I wasn’t prepared for my retirement, not at all. We’re going back to December 2014 when I had a really bad cold and I could feel myself slowing down. At night, I was getting really bad sweats and I just put it down to ‘man getting old’, but eventually I went to my doctor because I was still feeling rough and he decided to do a blood test.

He told me that I had a rare blood condition called polycythemia. I was producing too many red blood cells and the blood was thick. I had to have a double bone marrow biopsy and various other treatments. During this period my line manager referred me to Occupational Health three times, which wasn’t really helping. It took me about three days to get over each venesection and I was on reduced hours as my line manager tried to get me back working.

There was a two-week period while I was having treatment where I had to go back to working full-time. At one point my line manager said to me that I might end up with an ill-health dismissal, but that wasn’t the way I wanted to end my career. I decided to take early retirement, even though my game plan was to do 40 years in the civil service – I would have retired a year later.

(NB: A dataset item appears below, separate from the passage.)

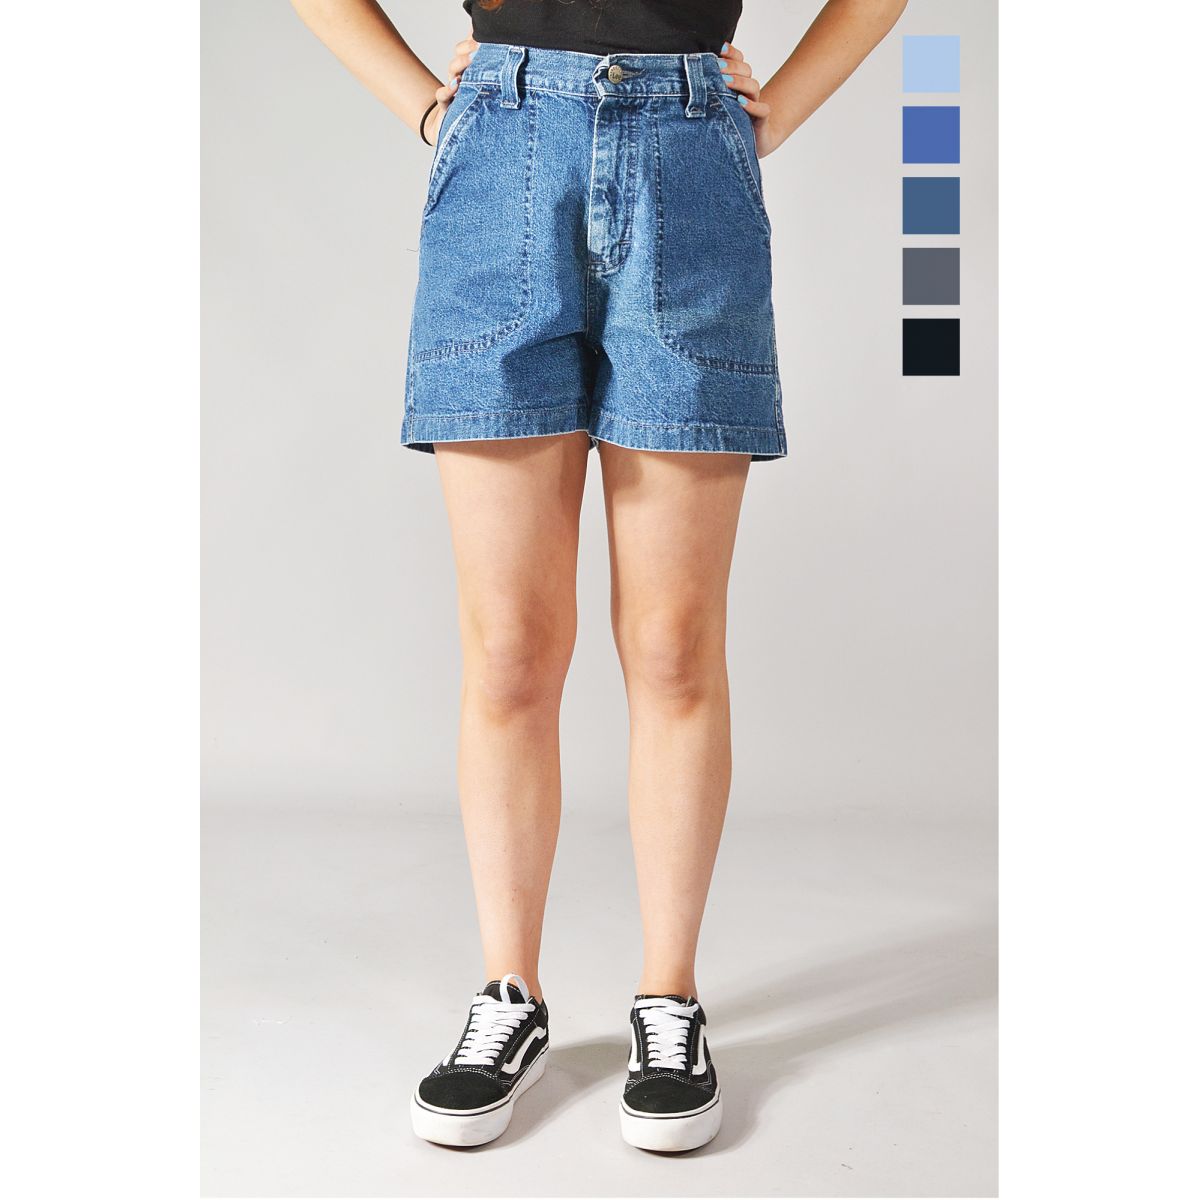 Buy Mirage Short Nina Blue Organic Online | Rollas Jeans | Cute outfits,  Denim outfit, Casual outfits

My retirement was something that was always going to happen, but I would have liked more time to prepare rather than being thrown in at the deep end. If I’d had more time I would have reduced my hours, planned my resignation and given myself more time to think about what I was actually going to do after I left work.

My retirement was something that was always going to happen, but I would have liked more time to prepare rather than being thrown in at the deep end.

Initially retirement was a struggle. I was getting used to the idea, but felt anxious and in the dark about my pension. I started to worry that I’d lose all my social connections and I was feeling stressed about my health. But I was trying to look on the bright side, and I could see a light at the end of the tunnel.

In May 2016 I started volunteering, and round about the same time, I began the Positive Ageing and Resilience Training. An unexpected aspect of the ten-week course that I thought was very good was the breathing exercises and the relaxation. The bits that were more thinking about where you’re at now and the future benefitted me the most because I then began to plan.

When I retired I found myself talking to more people in the local area. Slowly, but surely, I got more involved in the community. When I was working I would just meet a friend for a coffee on a Saturday, and that was it. As things have panned out, I now have a busy social life. The course helped me be more confident in talking to people and be more socially connected. I still refer back to my notes, and I now feel more confident in my retirement.